### Information shown
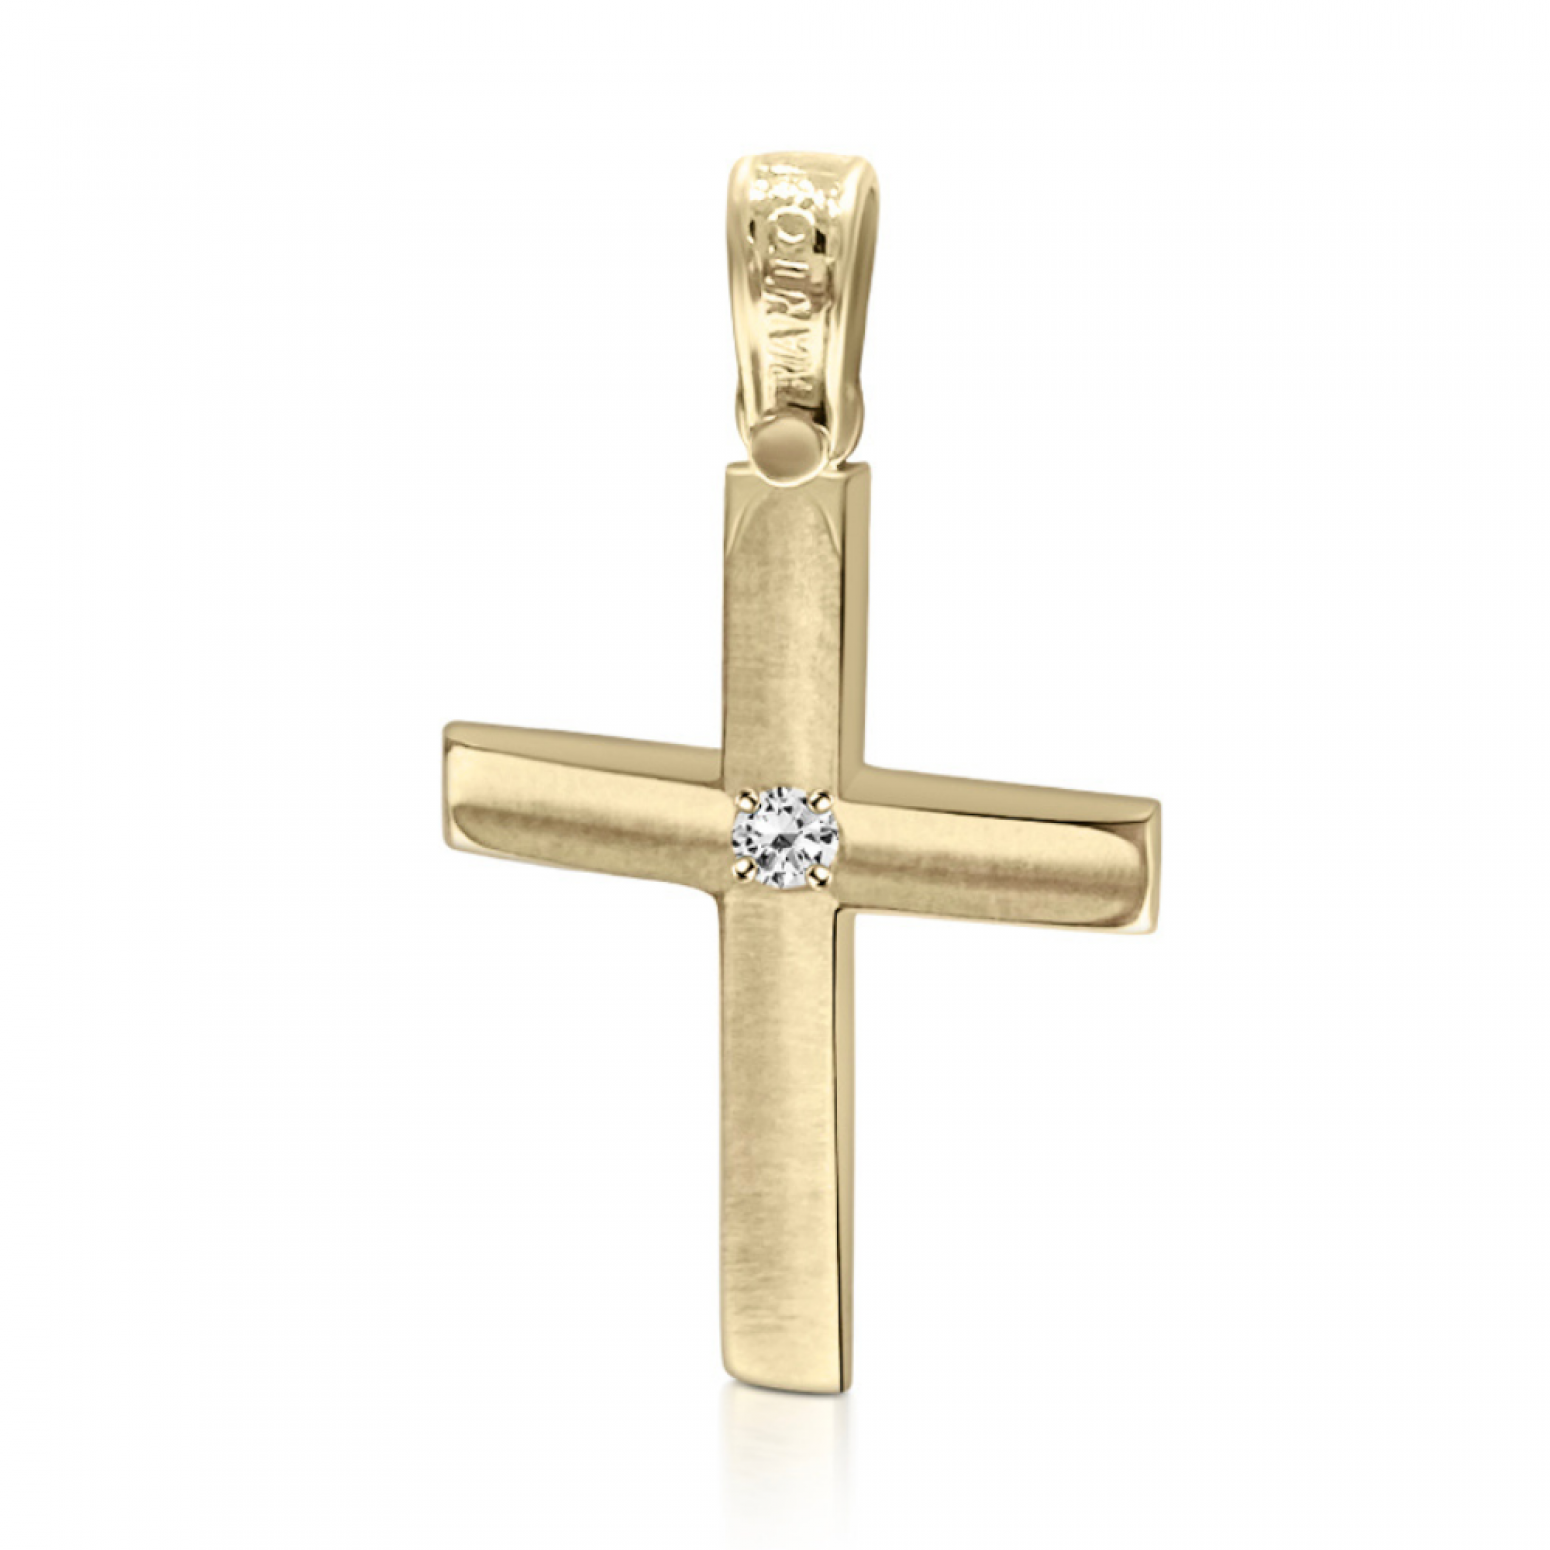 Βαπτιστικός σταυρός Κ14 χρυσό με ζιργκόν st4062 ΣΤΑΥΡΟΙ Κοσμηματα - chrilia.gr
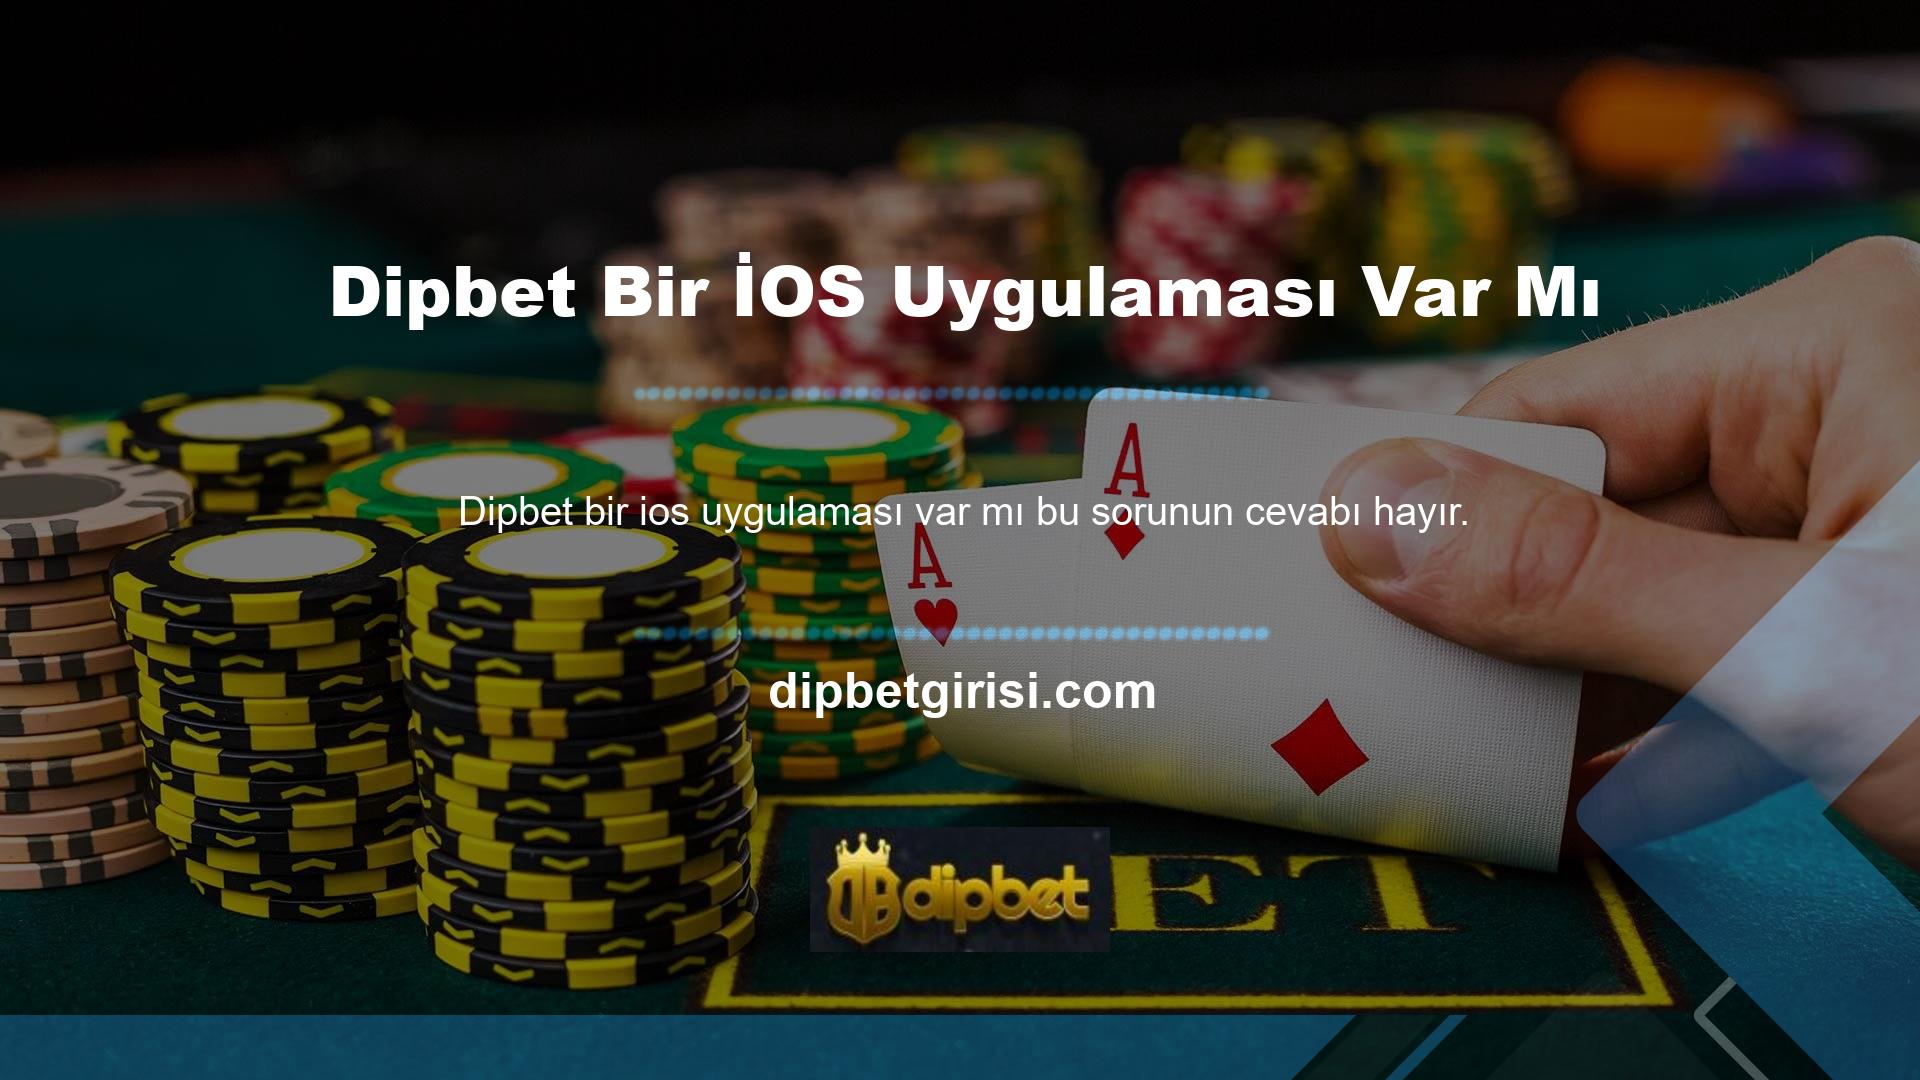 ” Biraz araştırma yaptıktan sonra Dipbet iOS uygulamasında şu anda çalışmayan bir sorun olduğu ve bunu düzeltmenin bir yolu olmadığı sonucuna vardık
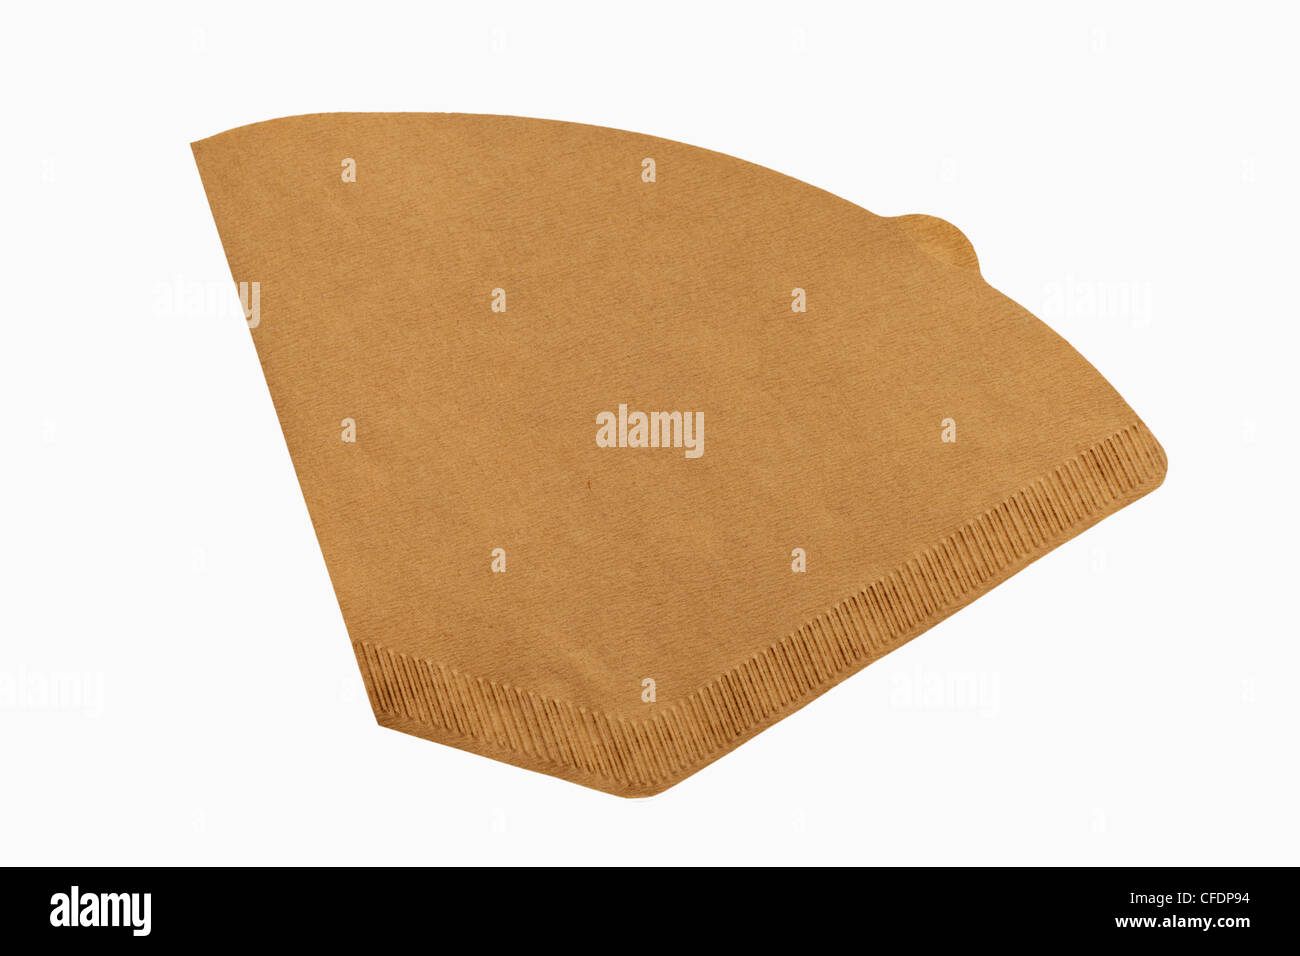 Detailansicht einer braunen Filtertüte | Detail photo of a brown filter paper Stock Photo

### Task statement
Everything in the data above gets copied exactly. Only the pictures are skipped.

### Answer space
 Βαπτιστικός σταυρός Κ14 χρυσό με ζιργκόν st4062 ΣΤΑΥΡΟΙ Κοσμηματα - chrilia.gr
 ” Biraz araştırma yaptıktan sonra Dipbet iOS uygulamasında şu anda çalışmayan bir sorun olduğu ve bunu düzeltmenin bir yolu olmadığı sonucuna vardık
 Detailansicht einer braunen Filtertüte | Detail photo of a brown filter paper Stock Photo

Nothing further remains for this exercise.